Most of the clinical isolates carried genes involved in phenazine production. The two phenazine genes (phzM, phzS) were detected more frequently among isolates from BSI samples, compared with isolates from UTI or PNU samples. None of the virulence factors genes were associated with patient age.

Rapid tests that detect virulence genes may help to resolve the increasing problem of the association between virulence and resistance. These tests may be very helpful for clinicians because they could be used to confirm that the virulence markers are present (i.e. in blood) before the bacteria can be isolated.

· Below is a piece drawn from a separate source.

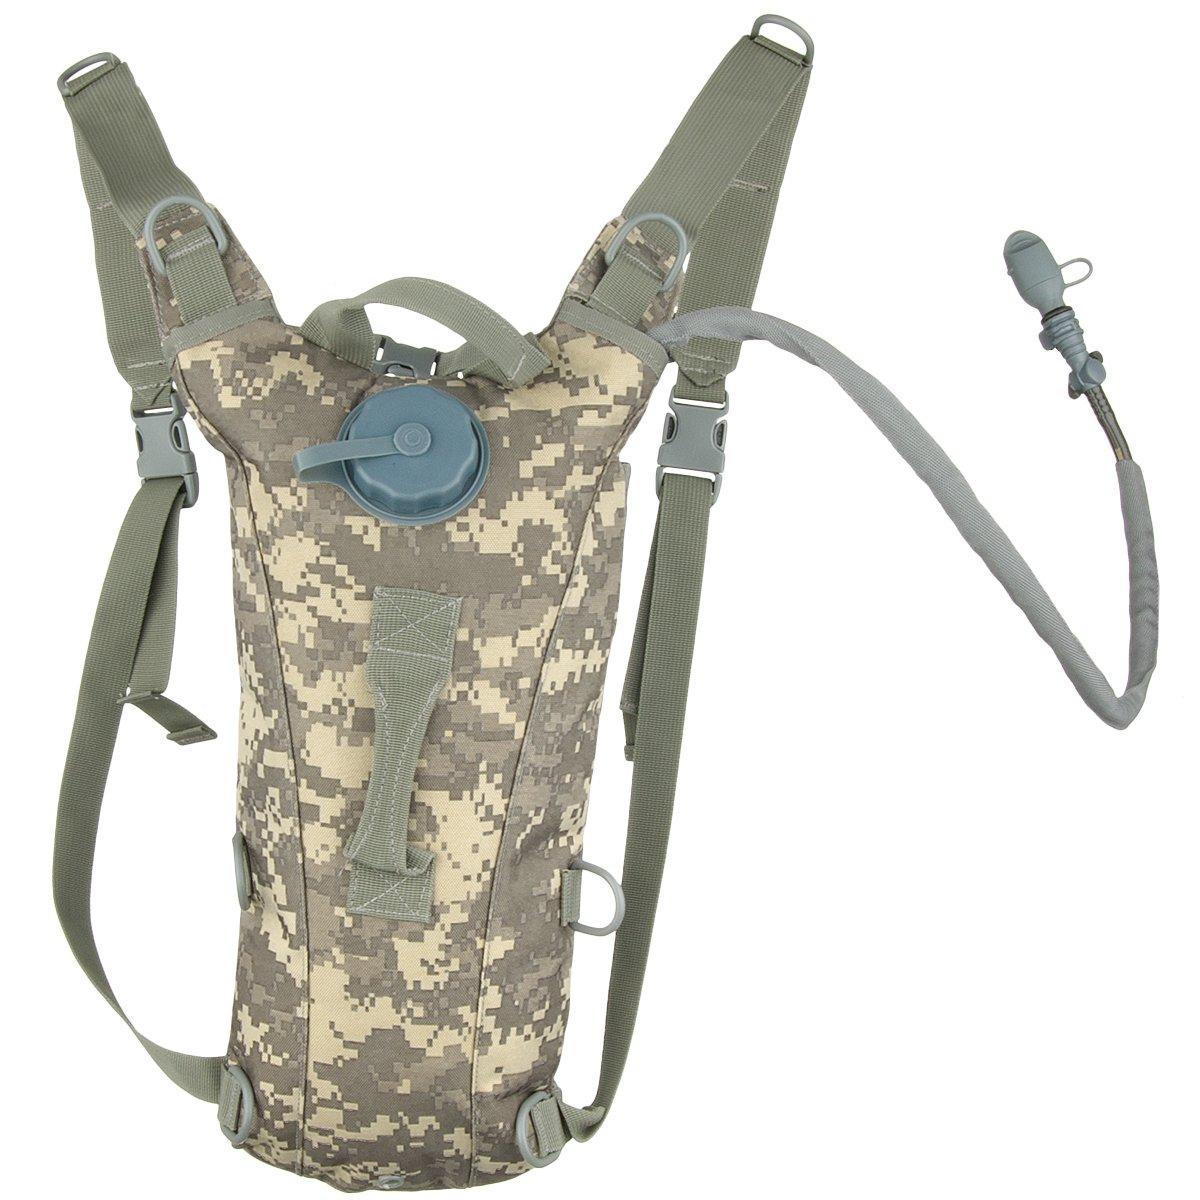 MFH Hydration Backpack TPU Extreme ACU Digital by MFH Max Fuchs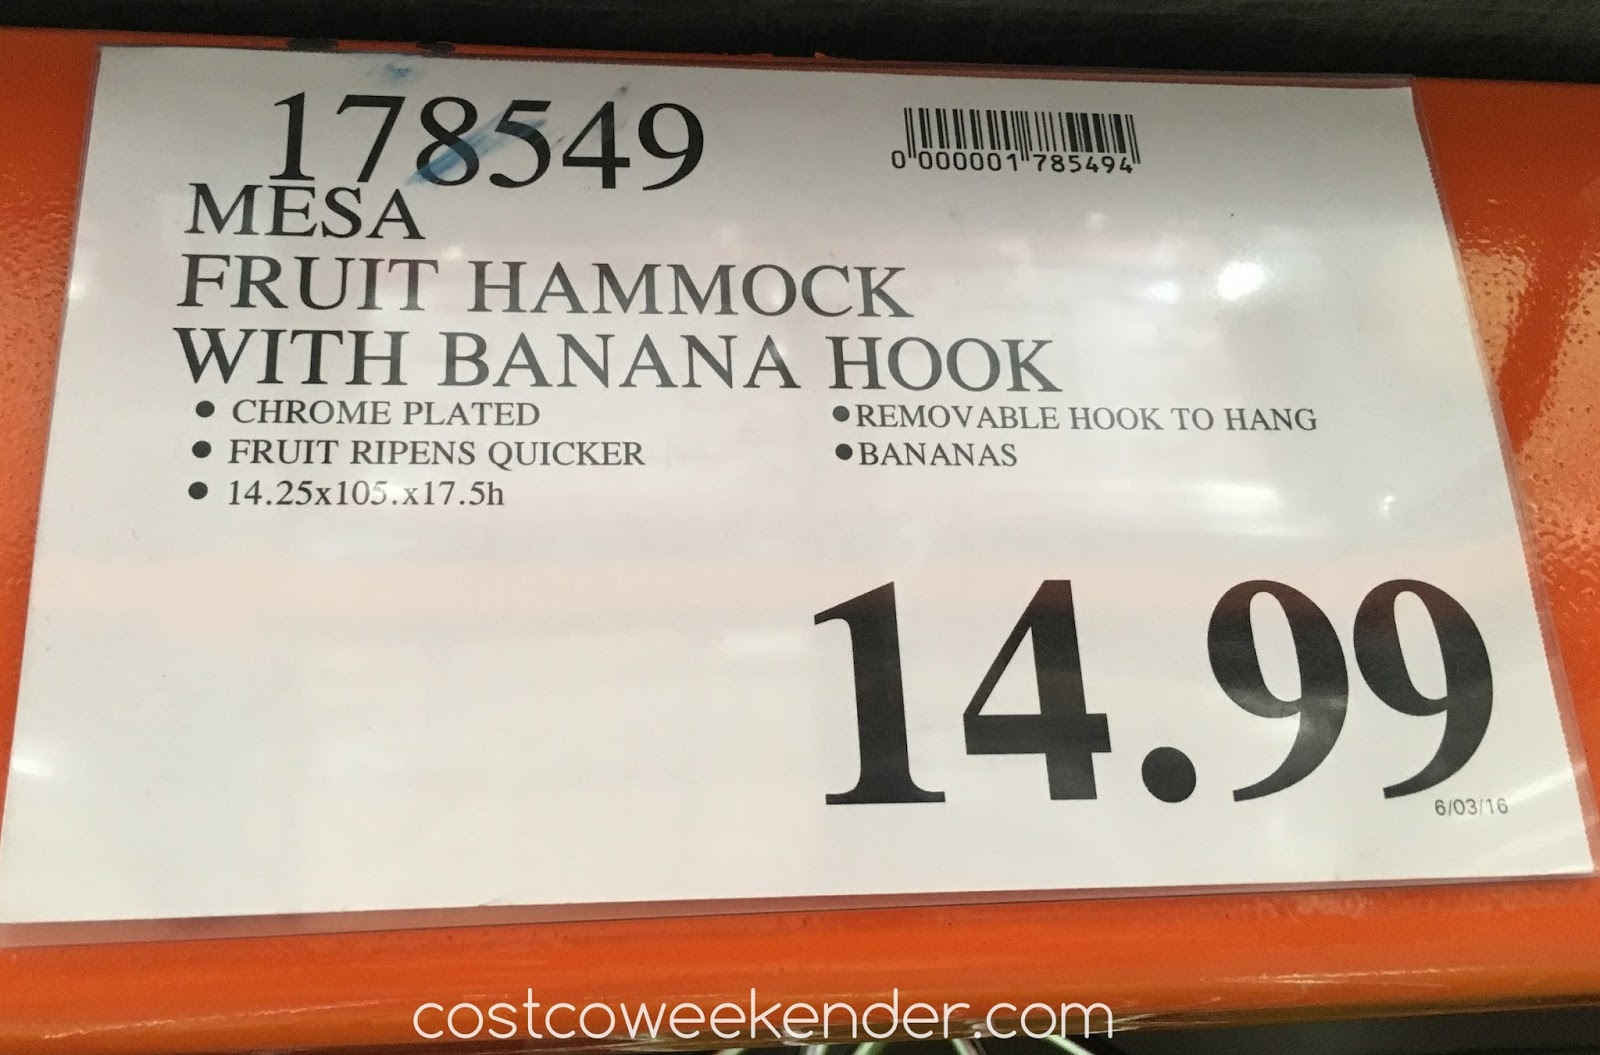 Mesa Fruit Hammock With Banana Hook | Costco Weekender

This study revealed that there was a high prevalence of different virulence genes among clinical strains of PA in southern Poland. These genes may be associated with severe infections. Strains isolated from different types of infections exhibited variant virulence gene patterns. The strains isolated from patients with BSIs were especially likely to have characteristics associated with high virulence. Understanding the contribution of selected virulence genes to the outcome of an infection may be important for therapeutic management of patients infected with PA. Future studies should address these mechanisms of virulence and the relationships between virulence and resistance.